Его любимый цвет Глава 12

Дмитрий Красько
Часть II
- 12
Шуруп приходил в себя медленно, тяжело. Сначала в мозгу запульсировало что-то багровое, с каймою по изменчивым краям. Оно отдавалось жуткой болью во всем естестве, и было очень назойливым и неприятным. Несколько секунд спустя (или минут? а может, часов?) пришло понимание, что естество-то отнюдь не все, оно ограничено черепной коробкой, а пульсирует не внутри нее, а как раз-таки снаружи, чуть выше правого уха.
Сознание Шурупа выбралось из собственной раковины и попыталось провести анализ происходящего. Для начала – ответить на актуальный (для многих) утренний вопрос: «Где я?». С ответом не клеилось. Для этого нужно было открыть глаза, осмотреться – а сознание прекрасно понимало, что к такому титаническому труду Шуруп еще не готов.
Тогда сознание попыталось ответить на какой-нибудь другой вопрос – попроще. Например, «Кто я?». Ответ тут же нашелся: «Я – это я». Очевидно же. Но как-то скользко. Сознание напряглось. Ответ слегка вспух размерами, стал более определенным: «Михаил Николаевич Подгородний, мужчина в самом расцвете лет».
Это уже можно было назвать успехом. И приободренное сознание сделало следующий шаг: «Почему мне так хреново?».
Смутно, как бывает с перепою, стали выплывать обрывки воспоминаний. Перепалка с Мокрым Ванькой по дороге к особняку о том, что Леший – падла, и всегда подсовывает мутные заказы, и что с ним больше работать нельзя. Потом – стрельба у ворот и три трупа. Потом – паника на вечеринке, опять стрельба, опять трупы. «Постой! – спохватилось сознание. – Мы что – получается, Василису замочили?! Дела-а!».

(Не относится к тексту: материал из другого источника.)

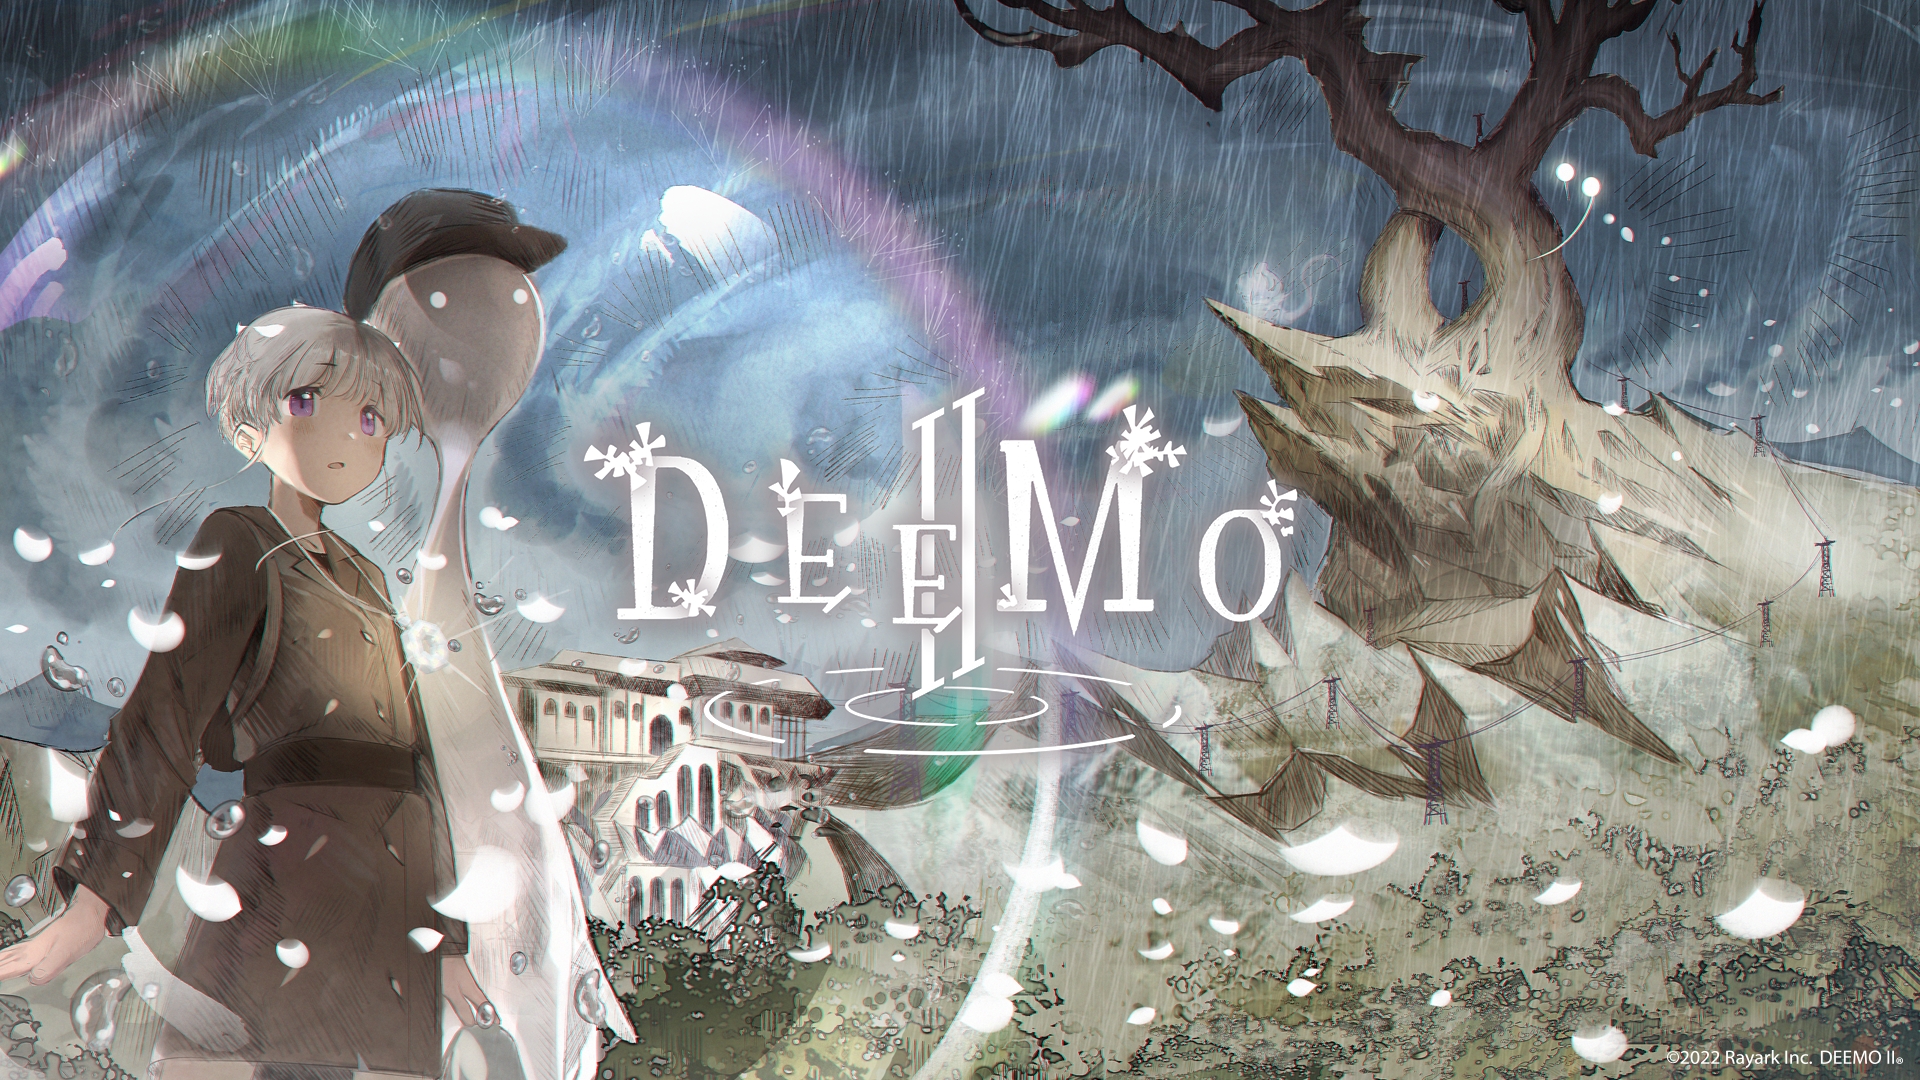 Deemo Ii メインストーリー第二章 高山壮遊記 が本日実装に 新たなロケーションと演奏モードに2種類のノーツを追加

Оставив на время воспоминания, сознание предалось тревоге. Василису, конечно, пришил Мокрый. По-хорошему, с него и надо спрашивать. Но у Шурупа было некое подобие кодекса чести, и с себя он тоже не собирался снимать ответственность – если придется, ответит наравне с Ванькой. Хотя и без всякого кодекса отвечать придется наравне – потому что на заказ явились тандемом, работали тоже одной командой. Оценивать будут именно работу команды, а не отдельных ее… гм… членов. И ответа требовать – от всей команды. В том же, что ответа потребуют, причем, скорее раньше, чем позже, сознание Шурупа не сомневалось: фигура Василисы в криминальном мире была велика, очень велика. Его поддерживали многие – и многие пожелают отомстить за смерть вора. Сколько времени отнимут у них поиски козла отпущения? В относительном выражении – немного, потому что возможности, которыми располагал криминал, сильно превосходили таковые у, скажем, правоохранительных органов. Потому что, во-первых, криминалу не придется никуда внедряться, поиски будут проводиться на собственной территории, среди подонков общества. Второе – криминал абсолютно ничем не был ограничен в методах проведения дознания. Если потребуется – то и иглы под ногти будут загонять, и паяльник в задницу кому надо засунут – лишь бы выйти на исполнителей. И выйдут. Самое забавное – и самое ужасное, - что от исполнителей мстители захотят узнать имя заказчика. Поди, объясни им, что никакого заказчика-то и не было, что смерть Василисы – сугубо частная инициатива неуравновешенного субъекта Ваньки Мокрого. Не поверят, как пить дать! И тоже будут пытать. Творчески, с пристрастием. Будет больно. Будет кошмар. Но – будет.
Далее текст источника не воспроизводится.